Note: be careful with gdb here; it excludes leading 0s, so remember that there may be more zeros than it prints out!

``````bool has_zero_byte(unsigned long val) {
unsigned long ones = ~0UL/UCHAR_MAX;
unsigned long highs = ones << (CHAR_BIT - 1);
return (((val - ones) & highs) & ~val) != 0;
}
``````

Here is our guide for how to trace through the code.

• Work out the pattern of the bitmask constructed by the expression `~0UL/UCHAR_MAX`. Run the challenge program under `gdb` and print out the various sub-expressions, such as the numerator by itself, the denominator, and so on. Using `p/t` shows the binary representation which may be helpful. Both suffixes on the constant `0UL` are critical. How does the result change if the `L` were removed? What about if the `U` is removed?
• The original version of the code expressed the second line as:

``````unsigned long highs = (ones * (UCHAR_MAX / 2 + 1))
``````

The provided code uses a bitshift in place of the above multiplication/division. The two compute an equivalent result. Why is this so?

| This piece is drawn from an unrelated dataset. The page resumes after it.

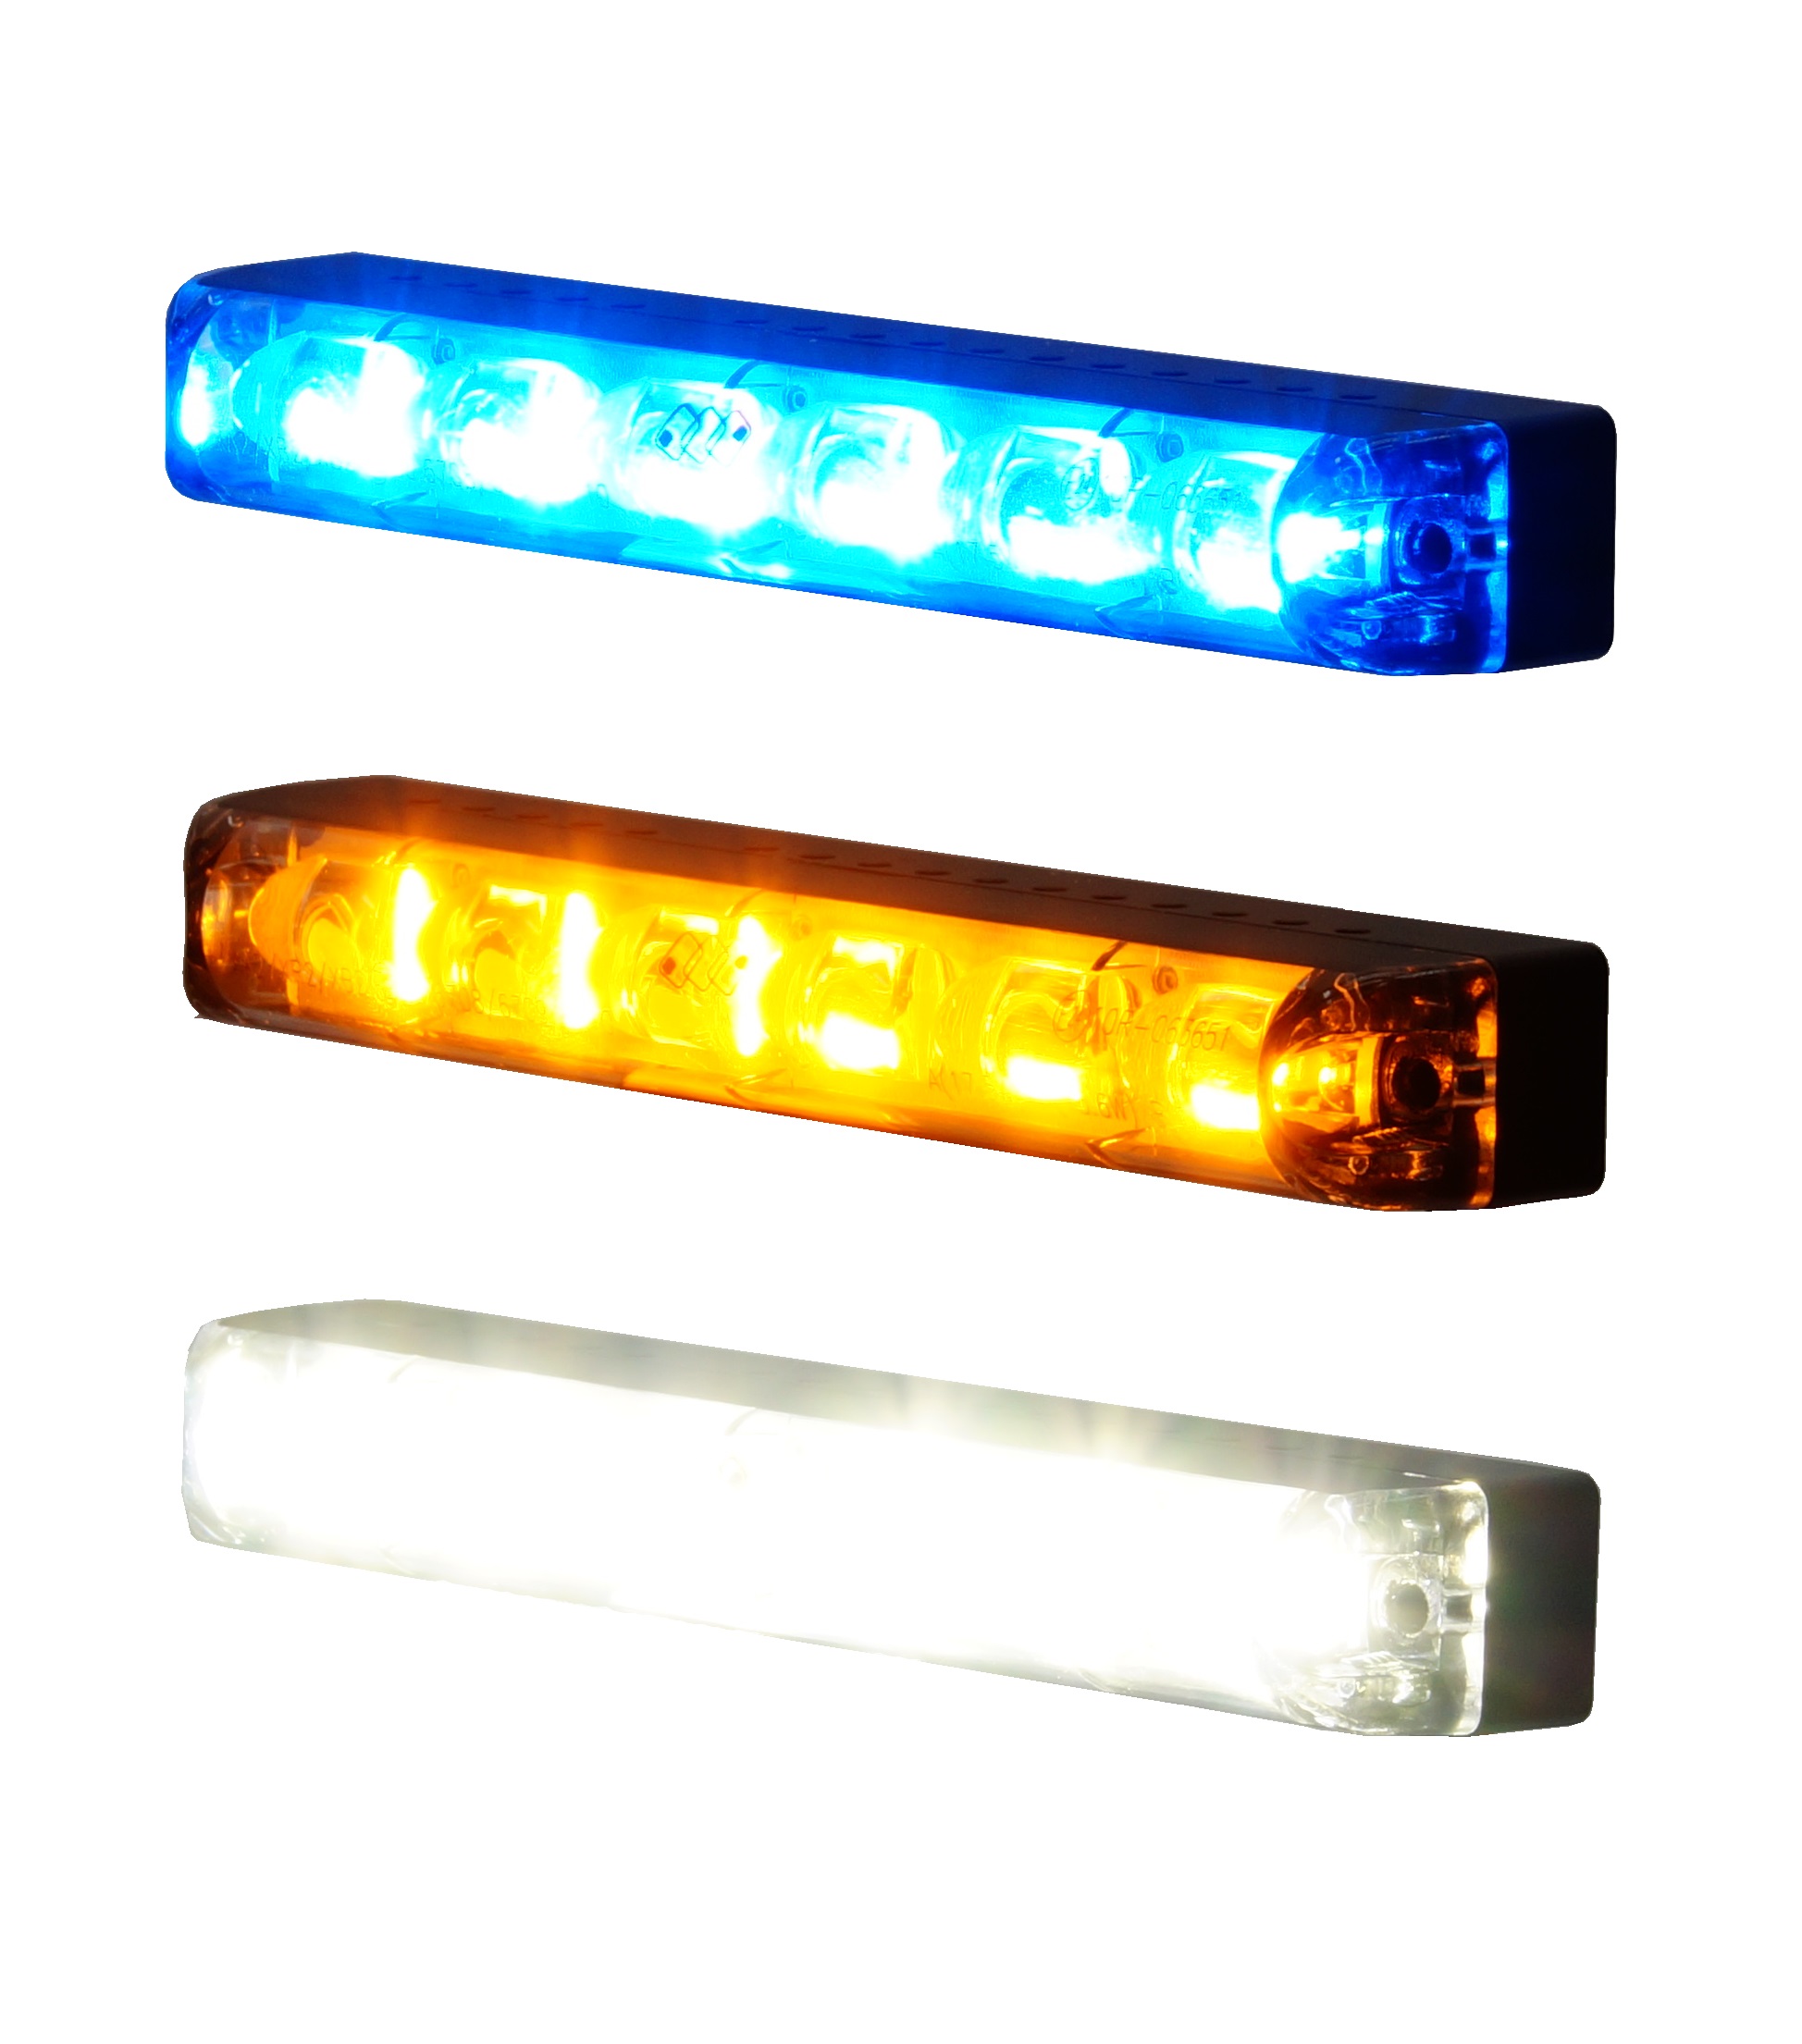 LED Frontblitzer dual color gelb/blau 12-24V, ECE R65 und R10

• Before moving on to the rest, be sure you have correctly constructed the bit patterns assigned to the `ones` and `highs` variables. Verify your understanding by printing the bits in gdb.

• The `highs` variable is being used as bitmask in the expression `(val - ones) & highs`. This masking operation extracts those bytes of val that exhibit a certain numeric property. What is that property?
• The final masking operation `& ~val` is filtering out bytes identified in the previous step that are not zero bytes. How did those false positives come about and how does this last step filter them out?

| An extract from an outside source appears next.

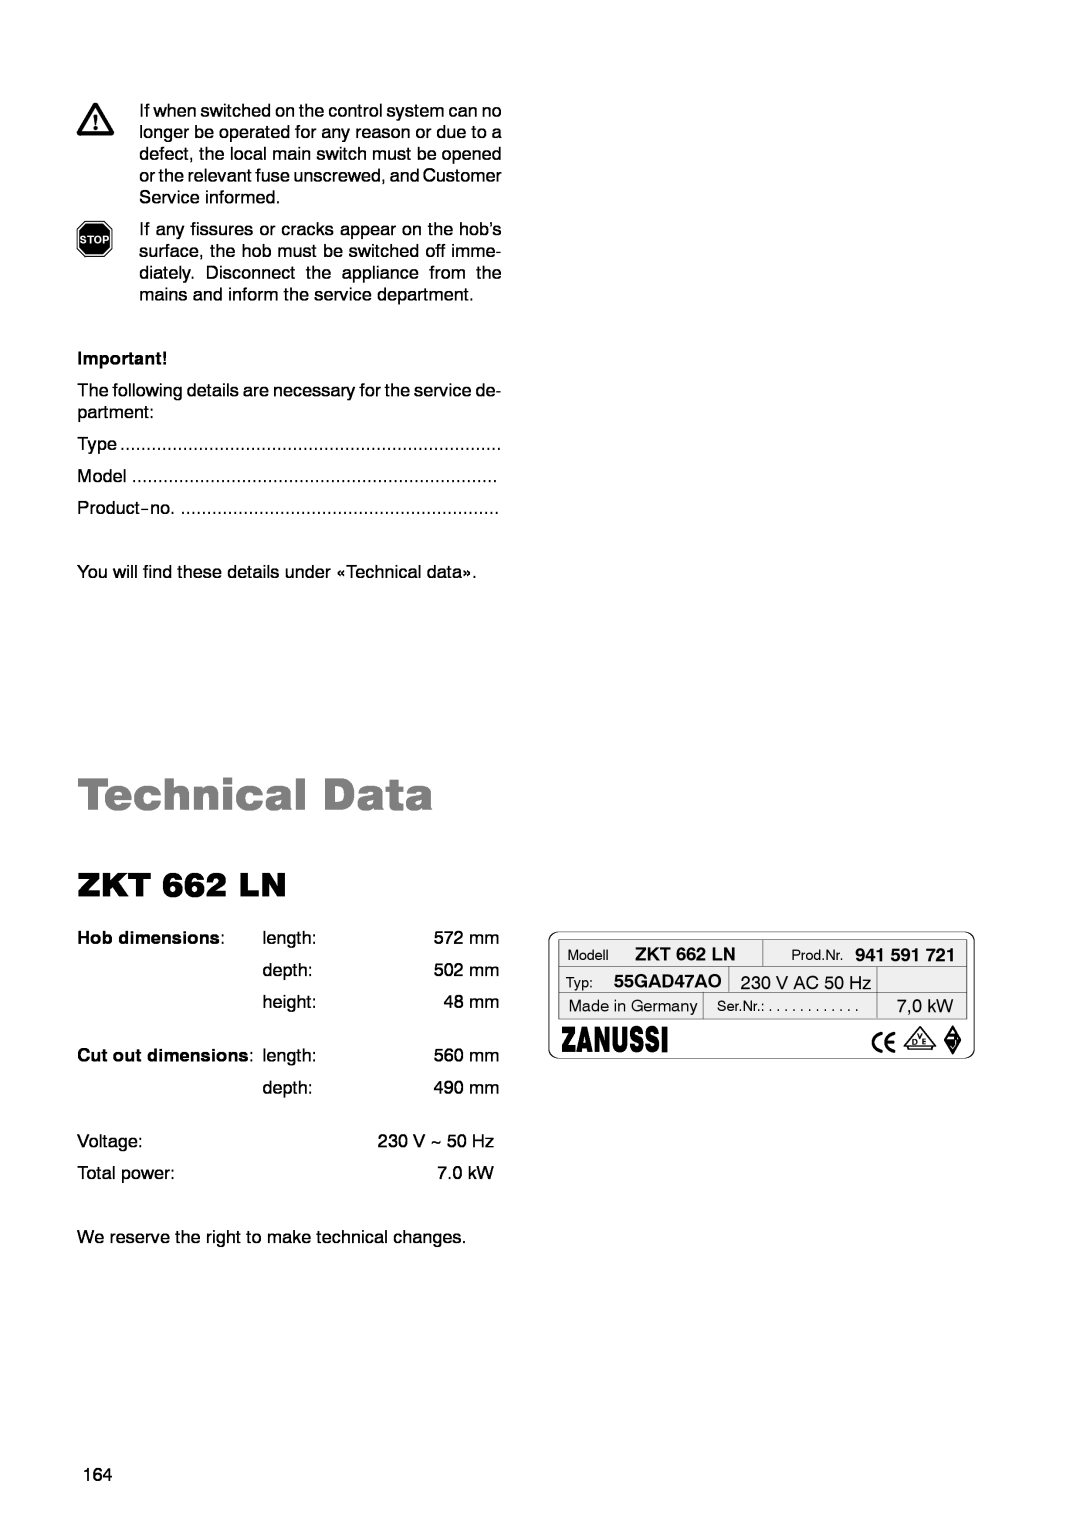 Zanussi ZKT 662 LN Technical Data, Hob dimensions, Cut out dimensions length, Prod.Nr. 941 591, 55GAD47AO

If you are getting mixed up on how it operates on all 8 bytes simultaneously, try the expressions on a single byte. In other words, what is `ones` for a single byte? What is `highs` for a single byte? How does the expression `((val - ones) & highs) & ~val` work for a single byte? After you work that out, then generalize to the multi-byte `unsigned long` type.

The function demonstrates a form of "mini-parallelism"-- a single operation on the entire long is effectively applying that operation to all 8 bytes in parallel. While the naive loop racks up 3-6 operations per each byte (a total of some 40 ops), this version tests all bytes in just 4 total operations (assuming constant operations are precomputed at compile-time). Neat! This is an exceedingly clever piece of code and we hope a satisfying accomplishment for you to be able to understand and appreciate such an action-packed sequence of bitwise wizardry!